Les grands fleuves ne sont pas épargnés. La Loire affiche des niveaux particulièrement bas, et la situation se répète à l'échelle européenne. Le Rhin, en Allemagne, est si bas que les navires de fret doivent réduire leur cargaison à 20% de leur capacité. En Italie, le Pô a atteint son niveau le plus bas jamais mesuré à Crémone. Sur le Danube, en Hongrie et en Roumanie, des réacteurs nucléaires ont dû être mis à l'arrêt faute d'eau suffisante pour leur refroidissement.

Des restrictions d'eau dans presque toute la France

Face à cette situation, les préfectures ont multiplié les arrêtés de restriction d'usage de l'eau. Au pic du mois de juillet, 99 départements sur 101 étaient concernés par des mesures de restriction, dont certains au niveau de "crise". Ces mesures concernent aussi bien les particuliers — limitations d'arrosage, interdiction de remplir les piscines privées — que les professionnels et les agriculteurs, qui voient leurs possibilités d'irrigation drastiquement réduites.

Pour les ménages, cela signifie des coupures d'eau potable possibles dans certaines communes rurales, des interdictions d'arroser les jardins aux heures chaudes, ou encore des restrictions sur le lavage des véhicules. Dans les zones les plus touchées, des camions-citernes ont dû être mobilisés pour approvisionner des villages dont les sources locales étaient taries.

L'agriculture française sous pression

Les agriculteurs sont en première ligne. Les rendements céréaliers sont en net recul, avec des baisses significatives pour le maïs, le tournesol et les prairies. Les éleveurs font face à un déficit de fourrage alarmant : les prairies brûlées par la chaleur ne permettent plus d'alimenter les troupeaux, forçant à puiser dans les réserves de foin prévues pour l'hiver. La viticulture résiste mieux dans certaines régions, la vigne étant relativement adaptée à la chaleur, mais même elle souffre d'un stress hydrique important dans les secteurs les plus touchés.

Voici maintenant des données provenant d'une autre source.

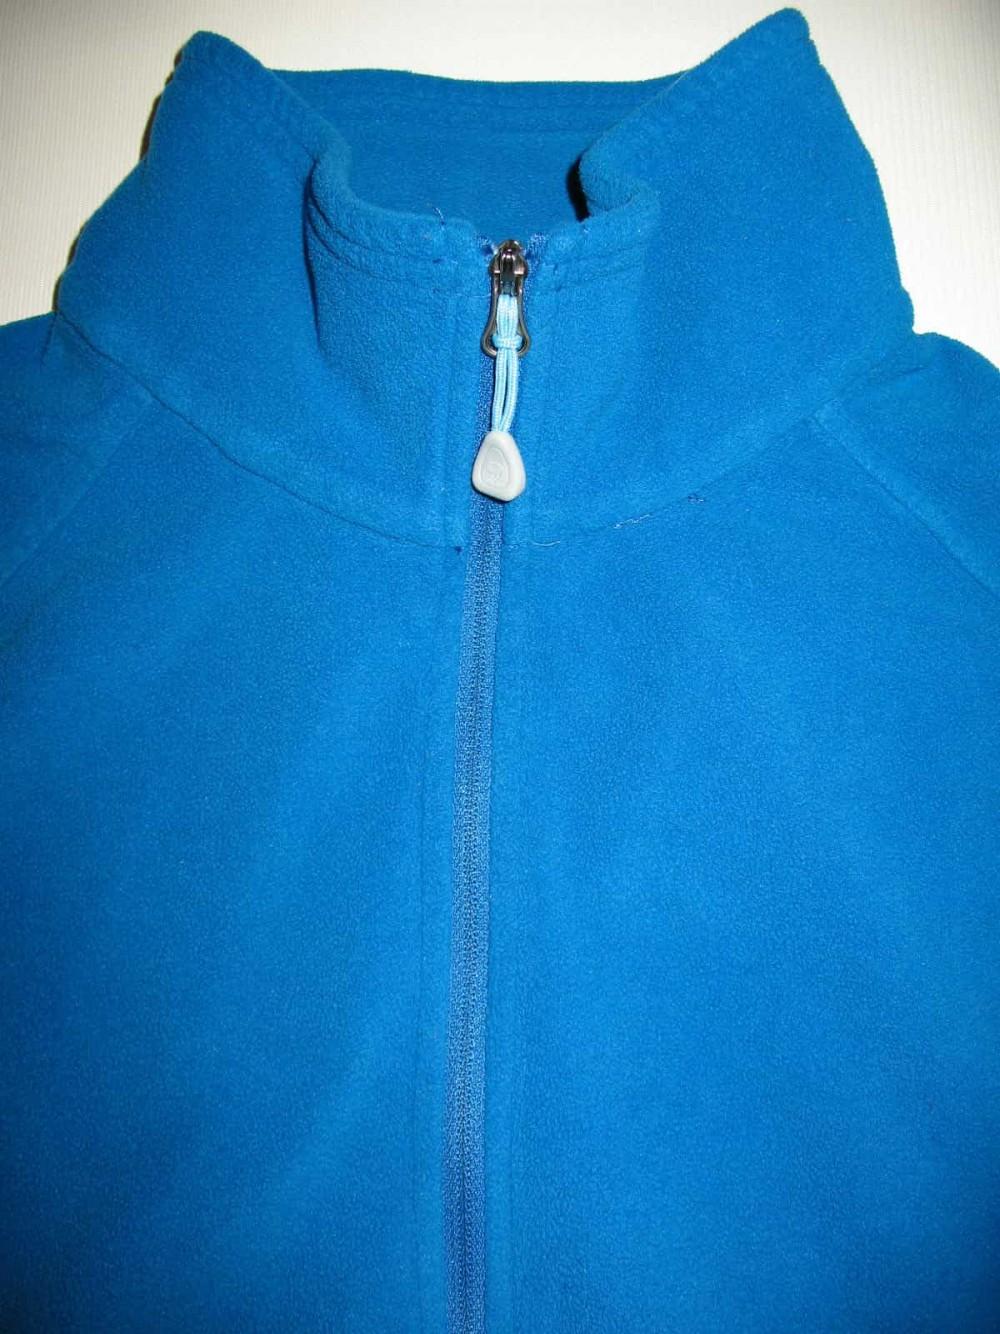 Кофта MOUNTAIN HARDWEAR fleece jersey lady (размер M) - 2
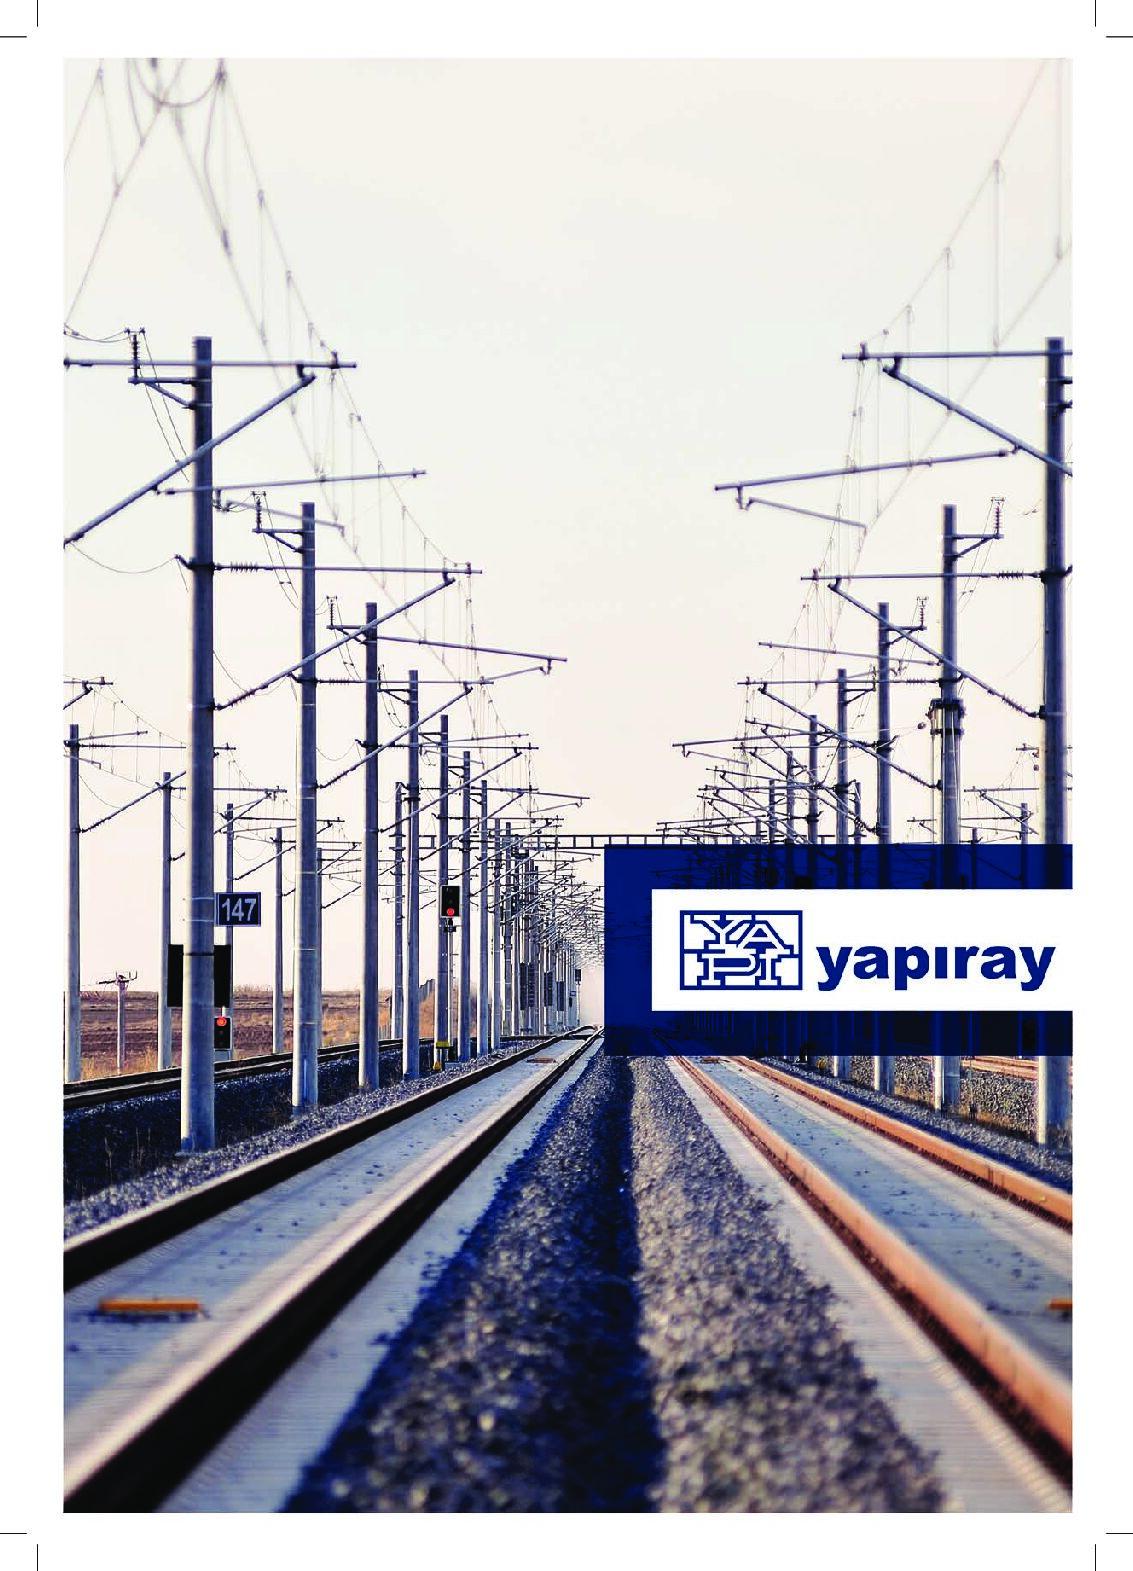 About YAPIRAY – Railway Engineering Solutions

Ce qui s'annonce pour la fin août 2026

Une éclaircie se dessine à l'horizon. Les modèles météorologiques s'accordent sur un retour progressif des pluies et des orages à partir de la semaine du 18 août, avec une fenêtre pluvio-orageuse parfois importante attendue entre le 17 et le 23 août. Certains scénarios envisagent jusqu'à 30 mm de pluie sur certaines régions.

Mais les spécialistes tempèrent les espoirs. Des pluies de quelques dizaines de millimètres ne suffiront pas à inverser des mois de déficit accumulé. Les sols asséchés mettent du temps à retrouver leur capacité à retenir l'eau, et les nappes phréatiques ne se reconstituent vraiment qu'à l'automne et en hiver. Le vrai tournant pour la sécheresse 2026 ne viendra pas avant les grandes pluies automnales.

En attendant, la France vit un été qui fera date dans les annales climatiques. Et la comparaison avec 1976 montre à quel point le réchauffement climatique est en train de redéfinir ce que "sécheresse historique" veut dire.

À retenir : la sécheresse de surface 2026 est déjà plus sévère qu'en 1976, mais les nappes phréatiques résistent mieux grâce à l'hiver humide. Le vrai risque de pénurie d'eau potable reste limité pour l'instant — mais la situation continuera à se dégrader jusqu'au retour de pluies durables à l'automne.